C’est simple : l’international anglais a été officialisé le 12 août, et bim, le géant bavarois était fessé le jour même par le RB Leipzig en finale de la Supercoupe d’Allemagne (0-3), malgré l’entrée en jeu d’Harry Kane à la 64e minute. Le Bayern avait pourtant remporté six des sept précédentes éditions. A ce moment-là, on pensait que ce n’était que partie remise pour Kane chez ce glouton de titres qu’est le Bayern. Les Munichois avaient ainsi raflé 5 des 11 dernières Coupes d’Allemagne et surtout 11 sacres de rang en Bundesliga.
« Passer de Choupo-Moting à lui, c’est pas mal, non ? »
Mais là, patatras : le Bayern a été humilié le 1er novembre en Coupe par un club de D3, Sarrebruck (2-1), et le Bayer Leverkusen de Xabi Alonso survole le championnat, avec 10 points d’avance sur la bande à Thomas Tuchel à 10 journées de la fin. Quelle est la responsabilité de la recrue la plus chère de l’histoire du club, qui a enquillé 31 buts en 32 matchs sous ses nouvelles couleurs, dans ce crash ?
« J’avais émis des réserves à l’arrivée d’Harry Kane, reconnaît Louis Lucas (20 ans), qui a créé le compte X Media Bayern France. Pas pour le côté "chat noir", mais pour ce transfert à plus de 100 M€ pour un joueur de 30 ans à qui il ne restait qu’une année de contrat. Après, passer de Choupo-Moting à lui, c’est quand même pas mal, non ? »
C’est le moins qu’on puisse dire, surtout quand on voit l’adaptation supersonique du gaillard, et ses coups d’éclat à la pelle, comme son triplé face au Borussia Dortmund (0-4), son doublé pour débloquer un match de Ligue des champions contre Galatasaray (2-1) ou encore son prodigieux lob du milieu du terrain devant Darmstadt (8-0).
« Beaucoup de fans le préfèrent même à Lewandowski »
« Je peux comprendre l’amusement des suiveurs de foot à son sujet mais honnêtement, c’est juste de la malchance pour lui d’être dans la première équipe du Bayern à ne pas être championne depuis 2012, assure Louis Lucas. Le responsable, c’est ce football désastreux sous Tuchel, et Leverkusen qui fait dans le même temps la saison de sa vie. De même en Coupe, il n’était pas dans le groupe pour affronter Sarrebruck. »

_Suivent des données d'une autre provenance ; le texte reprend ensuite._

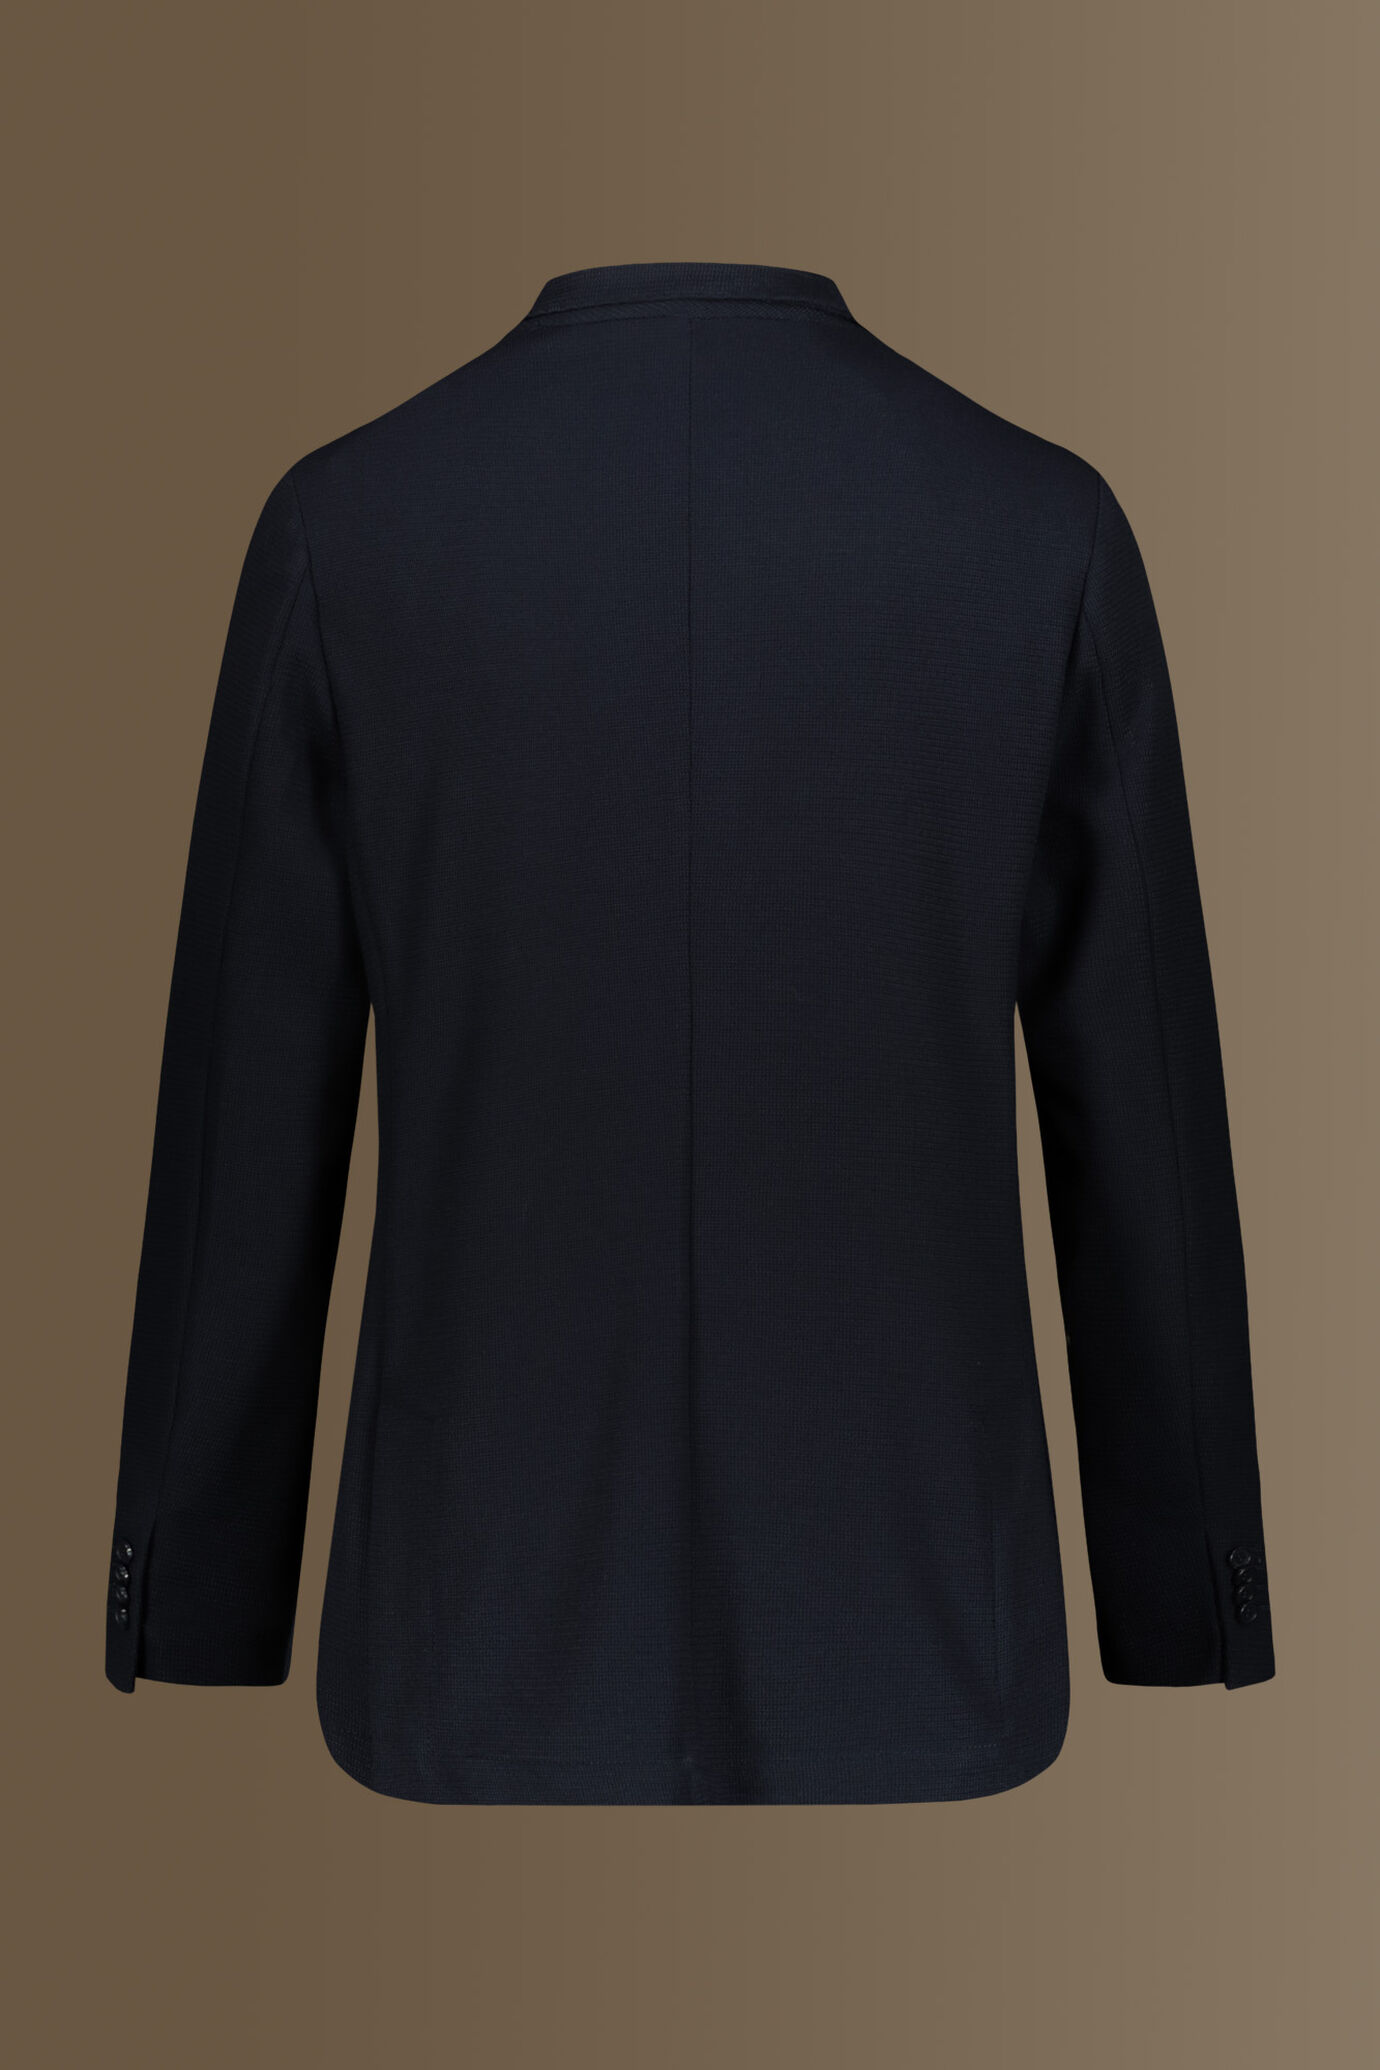 Giacca uomo monopetto in jersey piquet con tasca a toppa dark blue Made in italy image number 1

NOTRE DOSSIER SUR LE BAYERN MUNICHCe jeune supporteur du Bayern poursuit : « Kane doit vraiment avoir les boules car s’il a une étiquette de loser, croyez-moi qu’il est le joueur qui montre la meilleure mentalité dans ce Bayern actuel. Il a complètement conquis les fans, au point que beaucoup le préfèrent même à Lewandowski ». S’il existe « une grosse inquiétude » au sein de la communauté Bayern avant ce 8e de finale retour de Ligue des champions face à la Lazio, Harry Kane reste donc le principal motif d’espoir. C’est dire à quel point la crise est profonde en Bavière, au vu de la poisse légendaire de ce héros maudit.